Of course, the argument could be made that they have the best pitching staff in baseball. And that argument is supported by excellent season numbers—a league-leading 3.23 ERA supported by a top-5 SIERA (.384), xFIP, K-BB% (16.9%), and WHIP (1.23). However, since May 21, some cracks in that façade have begun to appear—a SIERA number of 4.23 ranked 19th in the league and an xFIP number of 4.32, ranked 16th in the league.

Houston supporters are among the fiercest fanbases out there, perhaps because they’ve heard too much from other fanbases about the long-past cheating scandal. Astros fans have the right to be proud; their organization has done so many things right in the last decade. But numbers are numbers. And right now, the Astros just are not measuring up to their AL rivals. In a word, SELL.

So who are we buying? Let’s look westward to an LA team, and not one named the Angels. It is pretty darn surprising that one could classify the Los Angeles Dodgers as an under-the-radar team to buy, but here we here.

There’s just so much attention now elsewhere on the West Coast. The Diamondbacks are leading the NL West by 3.5 games. The Giants, revamped and resurgent, are very much in the hunt for the division title. And over in the American League, that other LA team, the Angels, have won ten of their last 12 games, including a series win in Arlington over the division-leading Rangers. Meanwhile the Dodgers are looking very, um, average at times. Take for example, this play from last night against the Giants:

Yes, that happened. With two runners on base in the bottom of the 11th inning, needing two runs to tie, the Dodgers are gifted two egregious errors in one play.
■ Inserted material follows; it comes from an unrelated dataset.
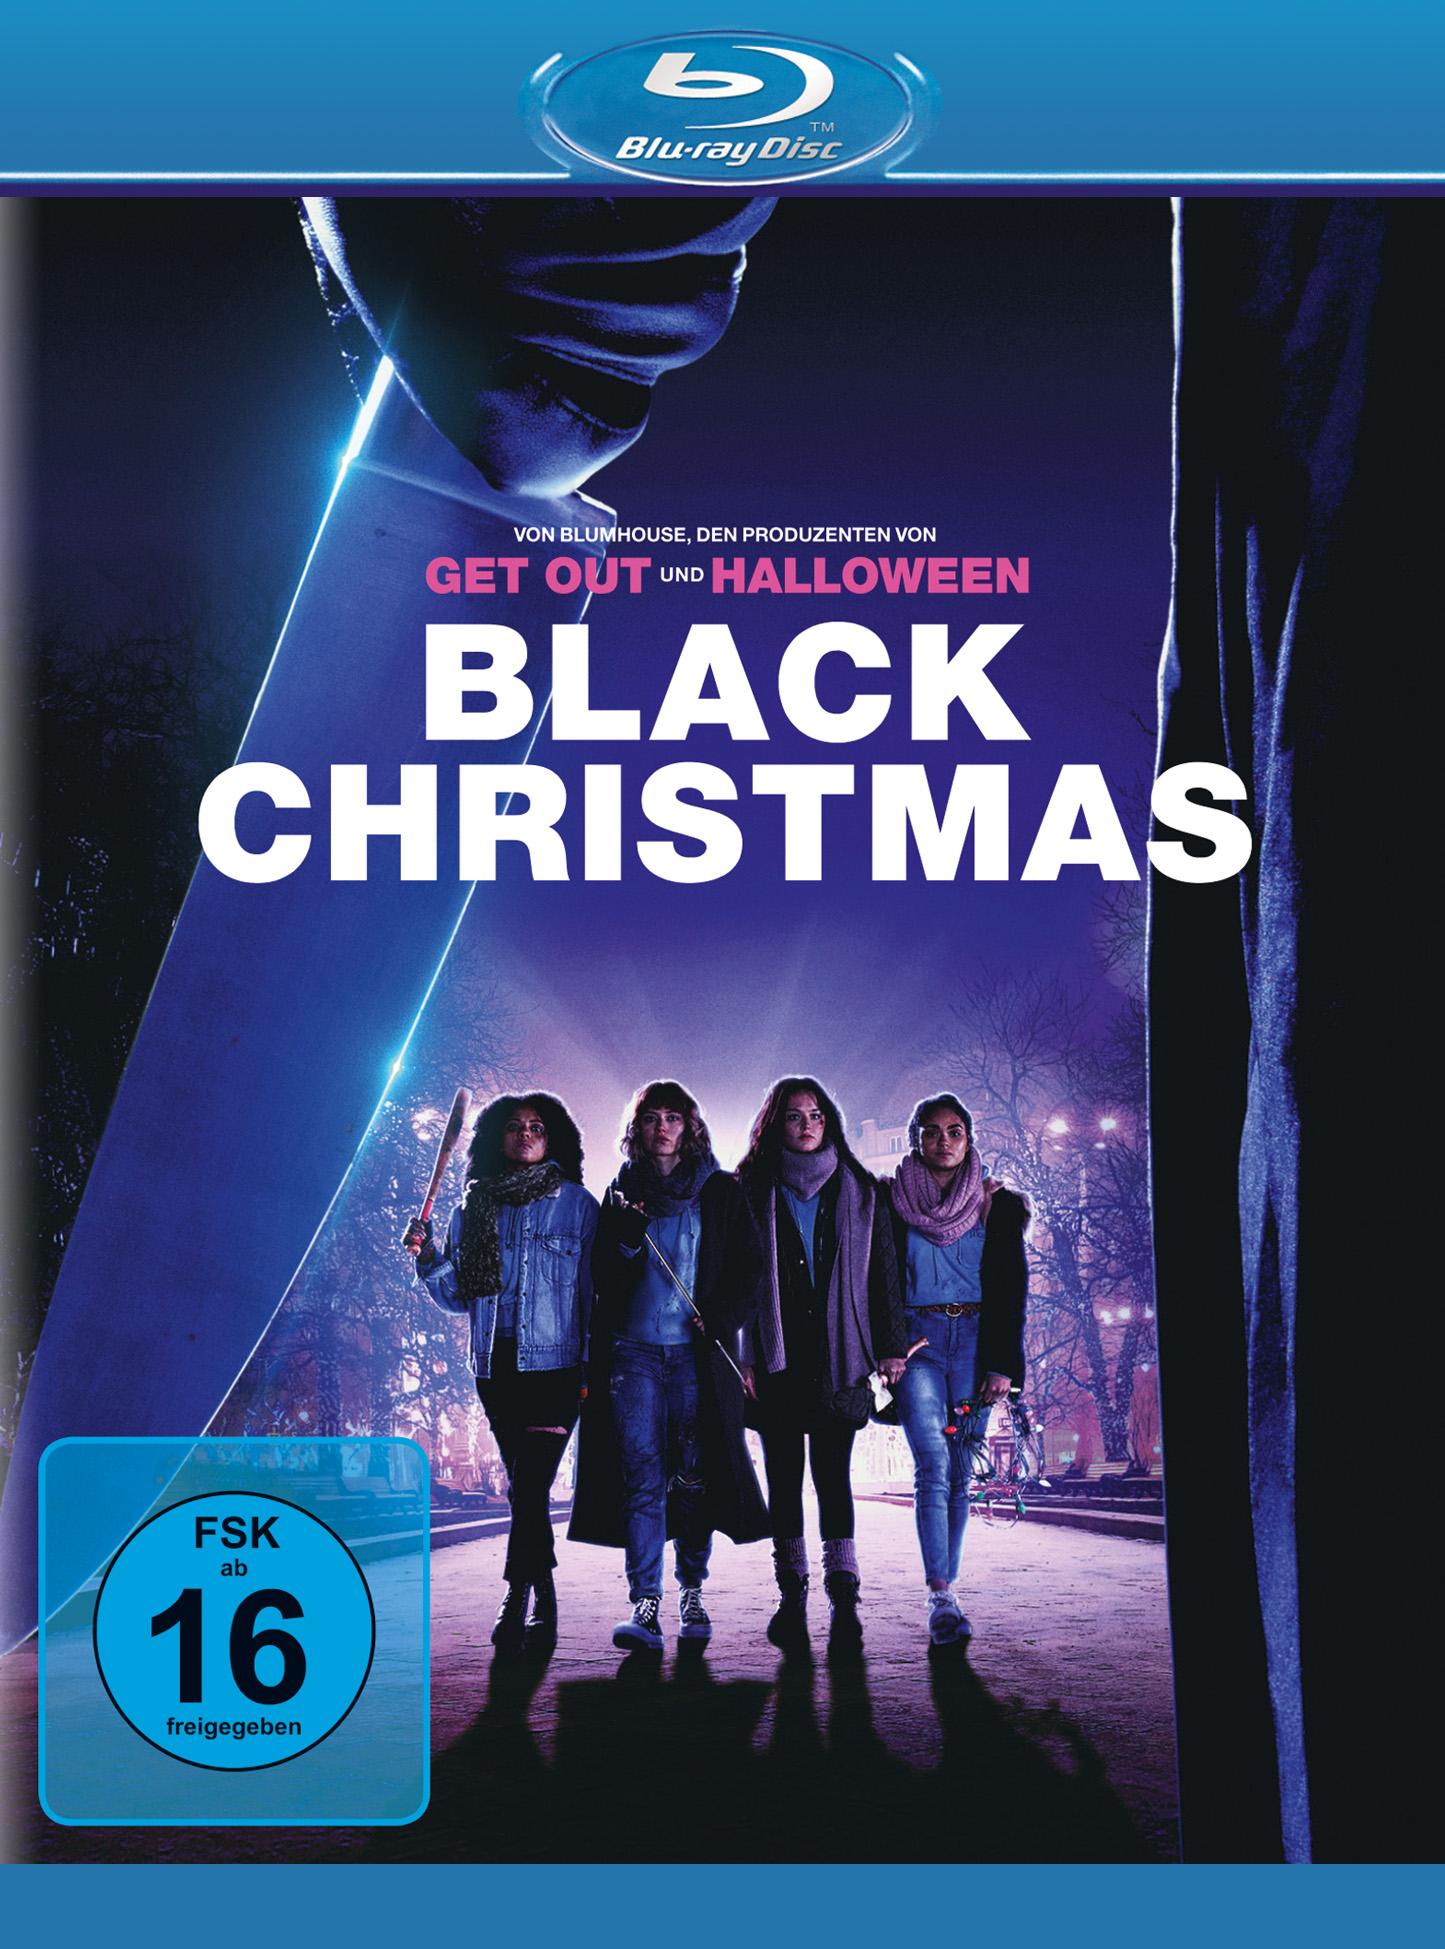 Auf diesem Blu-ray Cover zu Black Christmas 2019 stehen vier Studentinnen, die mit alltäglichen Gegenständen bewaffnet sind, einer unbekannten Person mit Messer gegenüber.

And yet, the best that they can do is an awkward base-running out. They ended up losing 7-5.

In short, if it was not clear before, it should be now—absolutely nothing is going to come easy for the Dodgers this season.

I cannot help but wonder if that might actually be a good thing—if perhaps in recent years, things have just been too easy for the Dodgers during the regular season. Things may not be easy this year, but this is a club that still has pennant-winning numbers. They are still an offensive powerhouse. Freeman, Betts, Martinez, Smith and others contribute to an offensive side that ranks top-4 in every advanced hitting category, including a .780 OPS and 112 wRC+. As far as pitching goes, their ERA of 5.14 is not good, but the signs for positive regression are super-clear—a 4.00 SIERA and a 4.11 xFIP, both top-10 numbers in the league, and the addition of this ace-in-the-hole will help. LAD might actually have to begin their playoff run from a wild-card spot, a rarity for them recently. But they are set up to do some damage, especially offensively, and the fact that they are rather under-the-radar right now makes these Dodgers a solid BUY.